Social Action with Children and Families: A Community Development Approach to Child and Family Welfare

By Chris Warren; Crescy Cannan | Go to book overview

Chapter 8

Mechanisms for empowerment

Family group conferences and local family advocacy schemes

Jo Tunnard

INTRODUCTION

The Children Act 1989 challenged local authorities to identify and provide for the needs of children and their families, rather than focus on parental shortcomings. It requires a redirection away from targeted services for children at risk of abuse, towards universal provision of services aimed at reducing stress on families and the need for crisis intervention. It demands that children and their families play a greater part in planning for their future, and that services reflect the lessons learnt from consulting with the community about their needs.
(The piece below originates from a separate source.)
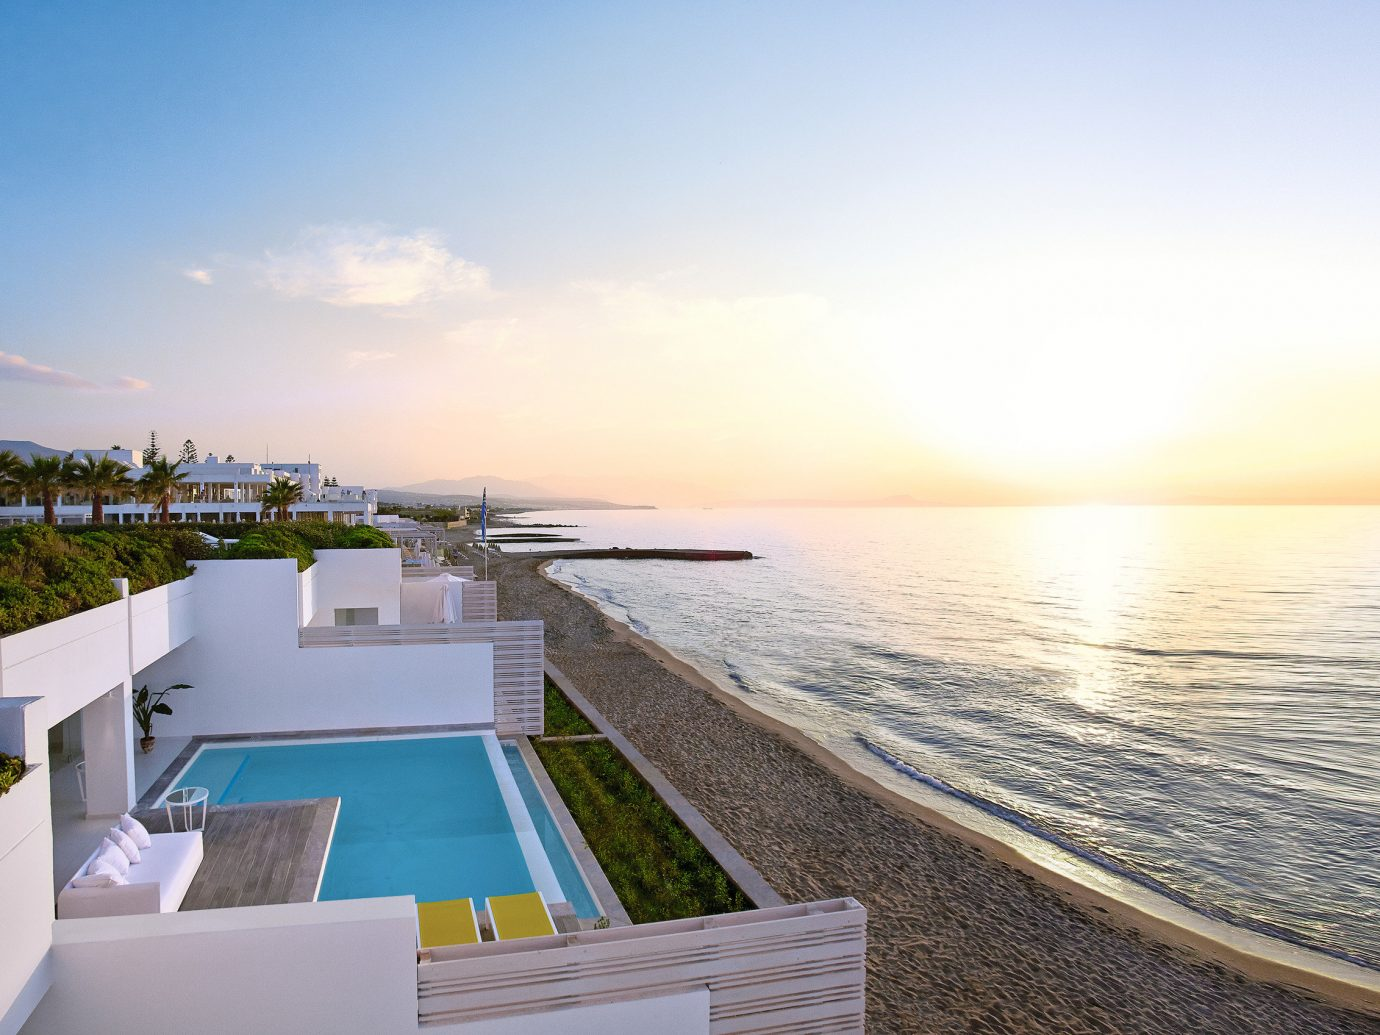 All-Inclusive Resorts Hotels sky outdoor water Sea property horizon real estate Resort Ocean vacation swimming pool leisure condominium estate house apartment Villa shore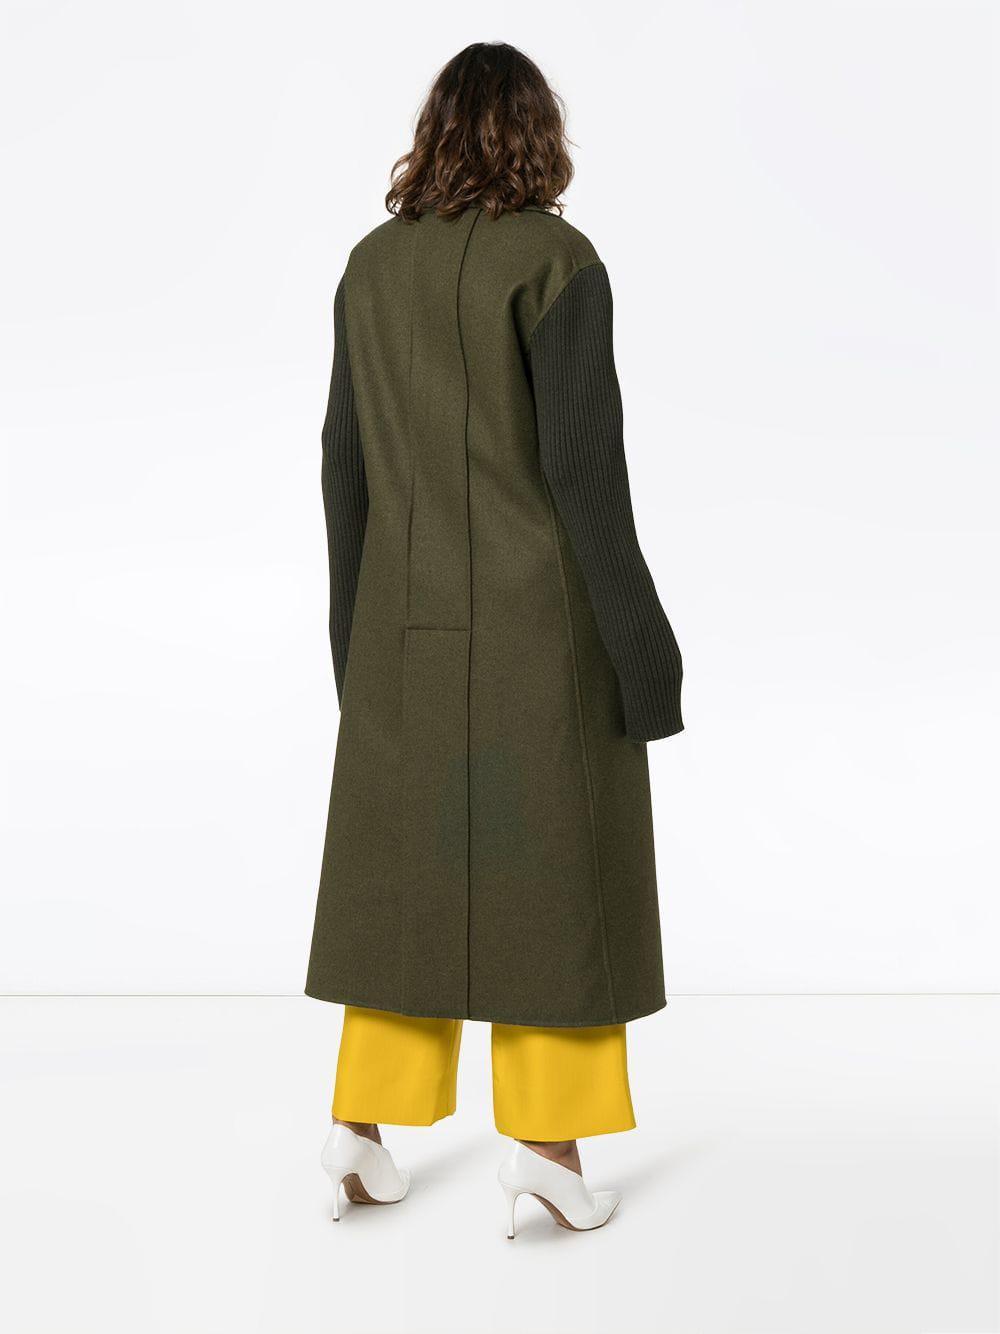 Green Coat Marni in Sleeve Lyst Wool Ribbed xpwWq8W1B7

For families, empowerment is best seen as both a process and a goal. Changed practice in the wake of the 1989 Act should be characterised by people having the power to express their needs and deciding how those needs can best be met.

Some local authorities and voluntary agencies are making progress on both counts. This chapter describes two mechanisms for empowerment that have been developed under the auspices of the Family Rights Group (FRG), a national organisation with a long-standing reputation for promoting user participation in children and family services.

The first is the family group conference (FGC), an exciting concept introduced recently from New Zealand. The chapter describes its development and philosophy, its introduction to the UK, the results emerging from research studies, and how it works in practice.

The second model for empowerment is family advocacy. Family advocacy schemes provide a means of redressing the imbalance of power between statutory agencies and service users. The second part of the chapter describes the slow growth of advocacy in children and family work, the impetus provided by the new legislation, some examples of local work, and the essential elements for successful family advocacy schemes.